- [PROBLEM]:
Excluding pictures, retype the line with "Women's This Girl" and each line that follows it to the end of the data below, word for word.

** Opening COLLECTED DATA block **

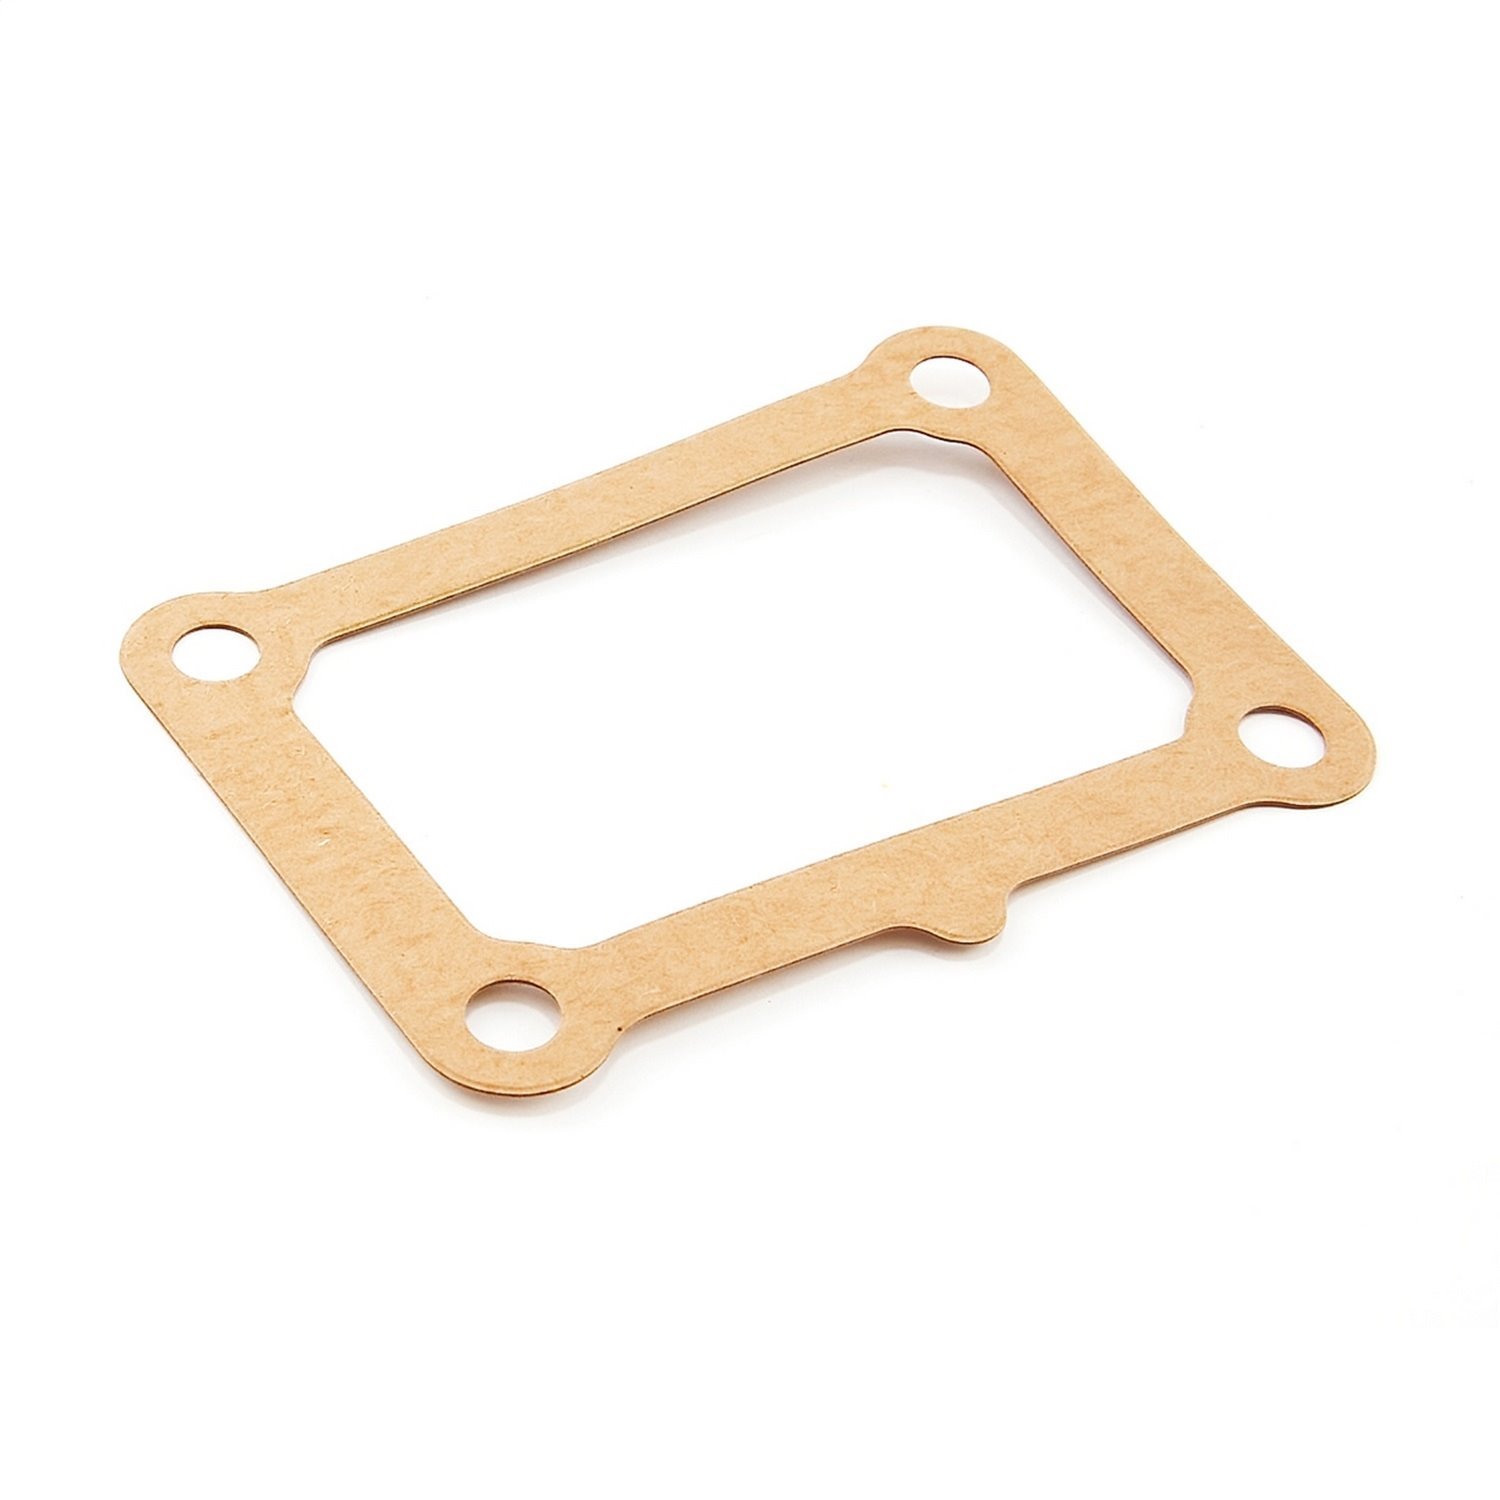 AX5 Shift Gasket 1987-2002 Jeep Wrangler By Omix-ADA
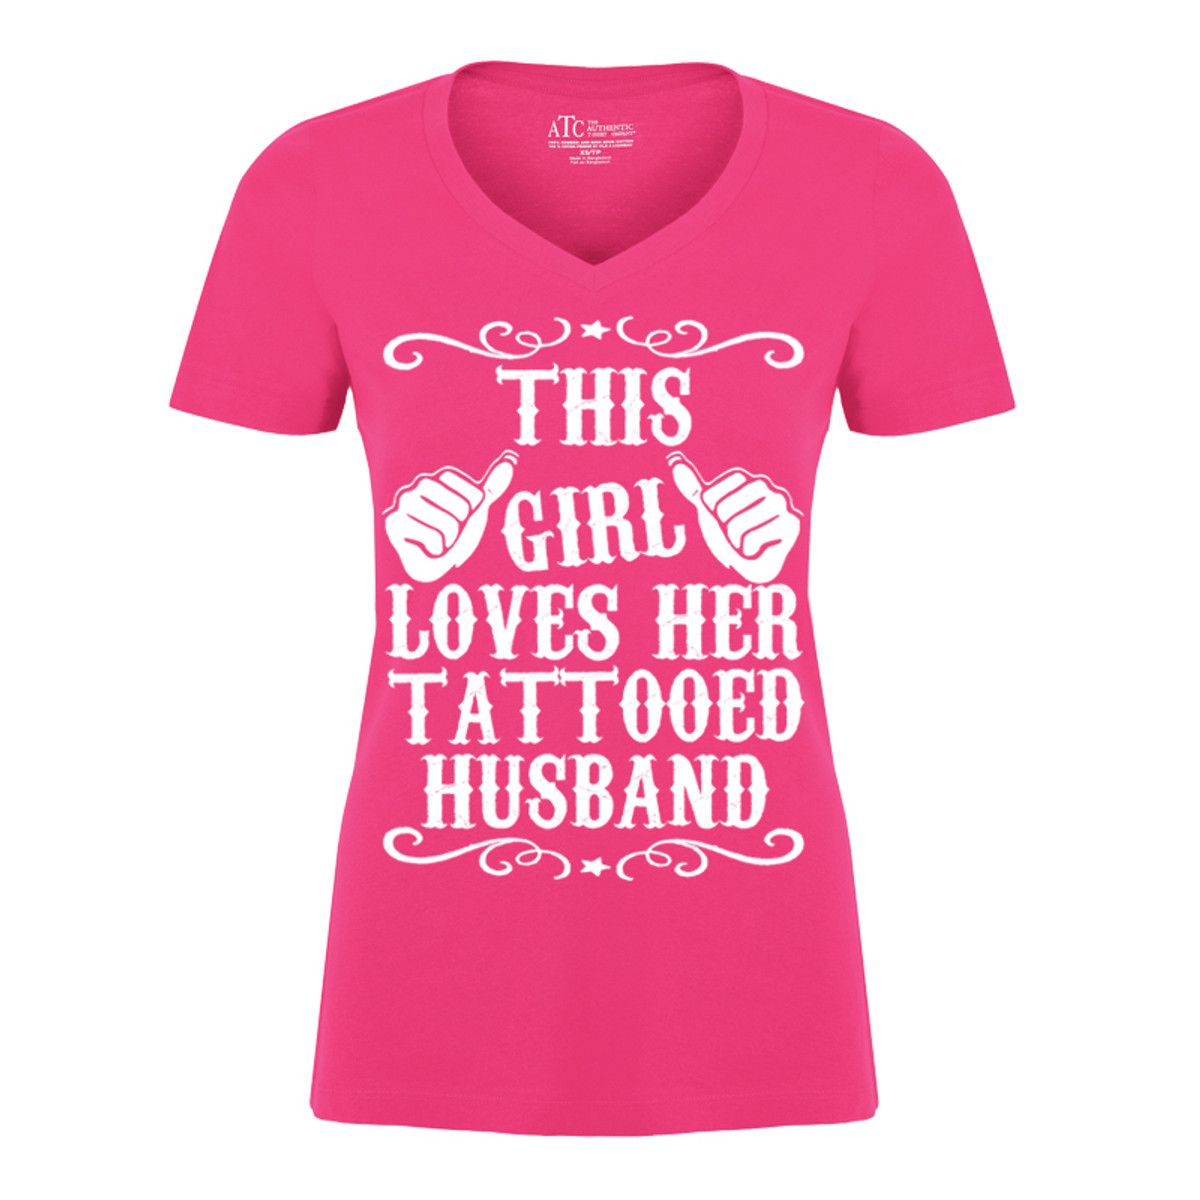 Women's This Girl Loves Her Tattooed Husband - Tshirt - The Inked Boys Shop
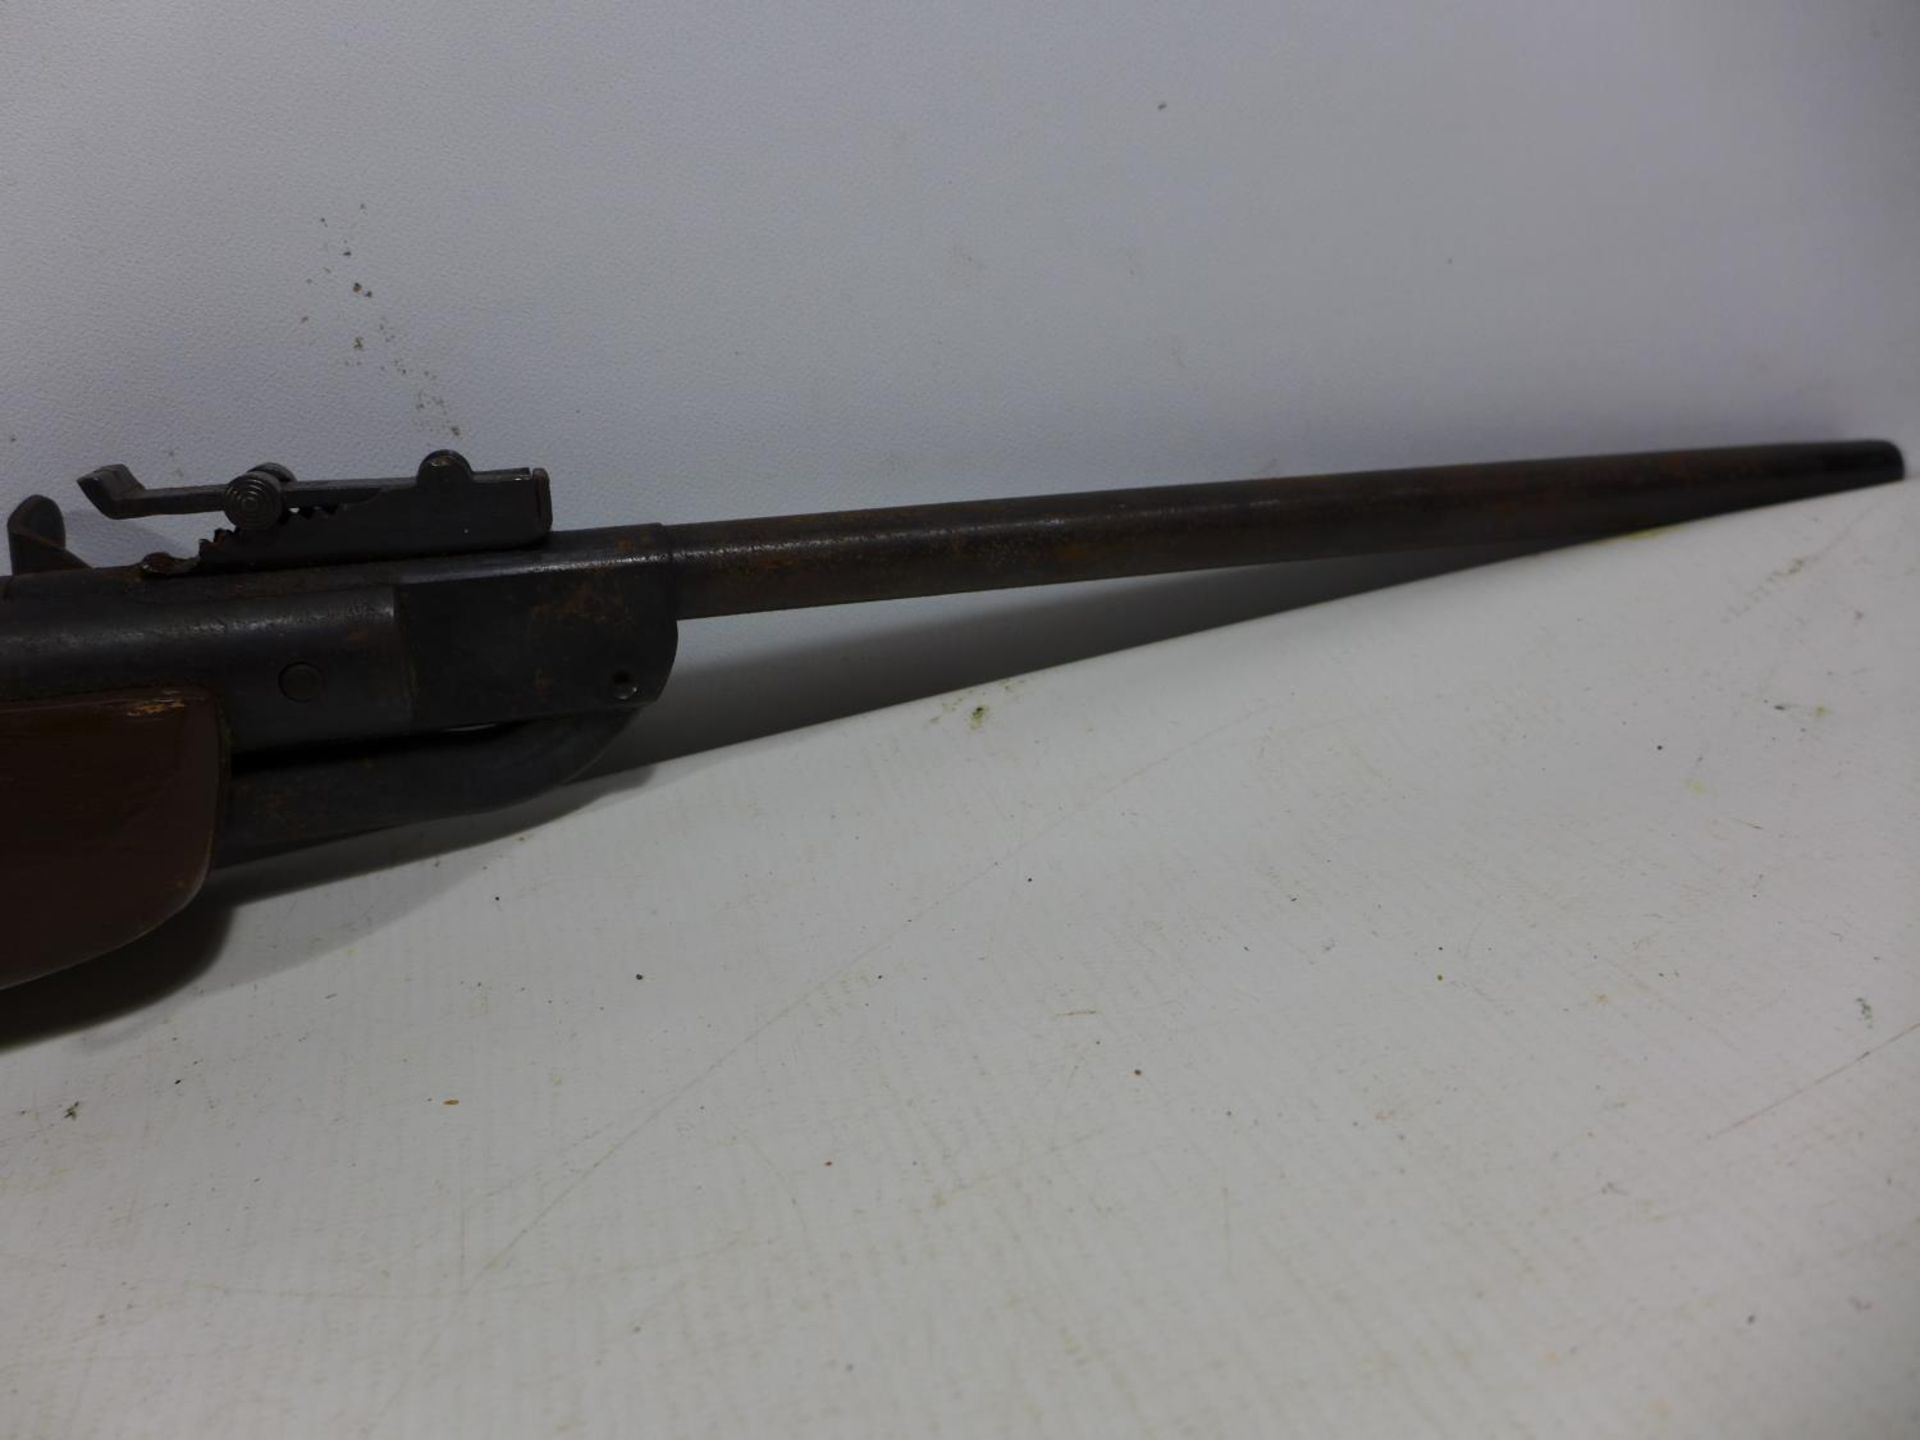 A .22 CALIBRE AIR RIFLE SERIAL NUMBER 110424451, 36CM BARREL, LENGTH 96CM, TOGETHER WITH SLIP CASE - Image 6 of 8

** Closing COLLECTED DATA block **

- [RESULT]:
 Women's This Girl Loves Her Tattooed Husband - Tshirt - The Inked Boys Shop
 A .22 CALIBRE AIR RIFLE SERIAL NUMBER 110424451, 36CM BARREL, LENGTH 96CM, TOGETHER WITH SLIP CASE - Image 6 of 8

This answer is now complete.